La senatrice pentastellata definisce questo dato come un arretramento politico prima ancora che contabile, sottolineando come la riduzione del peso della sanità pubblica sull’economia comporti l’accettazione di un sistema sanitario meno universale e più diseguale.
Particolare preoccupazione viene espressa per il divario crescente tra settore pubblico e privato. I dati della Ragioneria generale dello Stato evidenziano infatti una crescita della spesa privata delle famiglie del 7,7%, con cittadini costretti a sborsare di tasca propria 46 miliardi di euro per visite, cure e interventi medici.

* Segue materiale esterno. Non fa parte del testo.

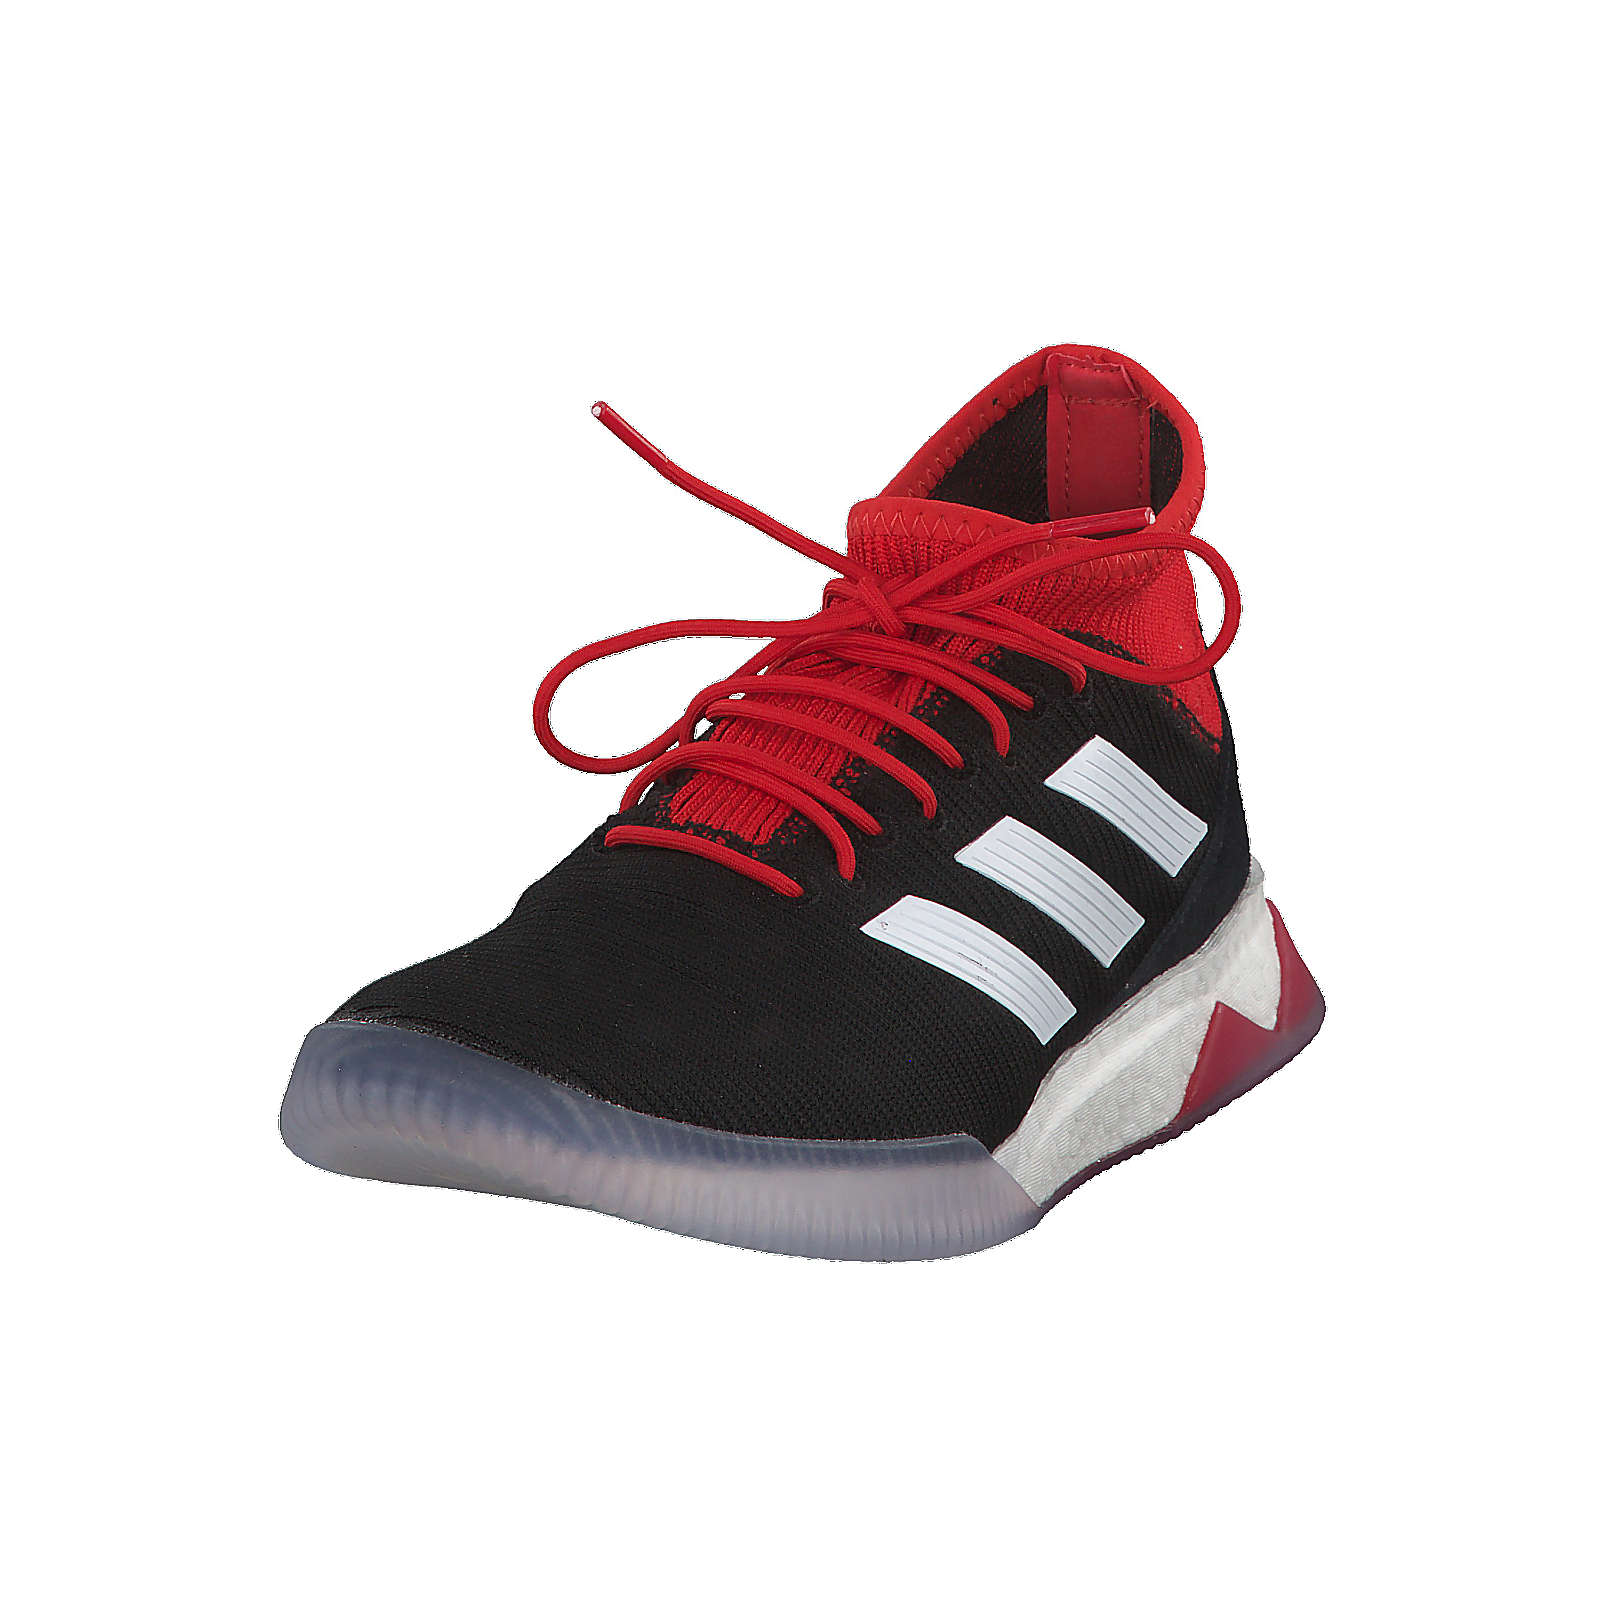 adidas Performance Fußballschuhe weiß-kombi Herren Gr. 42

Castellone interpreta questi 46 miliardi non come una libera scelta dei cittadini, ma come il segnale inequivocabile di un Servizio sanitario nazionale che non riesce più a fornire risposte adeguate ai bisogni di salute della popolazione. Questo fenomeno viene descritto come una privatizzazione silenziosa del diritto alla salute, che rischia di trasformarlo in un privilegio riservato a chi dispone di maggiori risorse economiche.
La vicepresidente del Senato ha anche criticato le promesse elettorali relative alla risoluzione del problema delle liste d’attesa, definendole vuote e inefficaci. Nonostante gli annunci fatti alla vigilia delle elezioni europee, le famiglie italiane continuano ad affrontare le stesse difficoltà nell’accesso alle cure sanitarie.
In conclusione, Castellone lancia un appello per una scelta politica chiara sul futuro del sistema sanitario italiano, ponendo l’alternativa tra un Paese in cui la salute rimane un diritto universale garantito a tutti i cittadini e uno in cui diventa invece un bene di mercato accessibile solo a chi può permetterselo economicamente.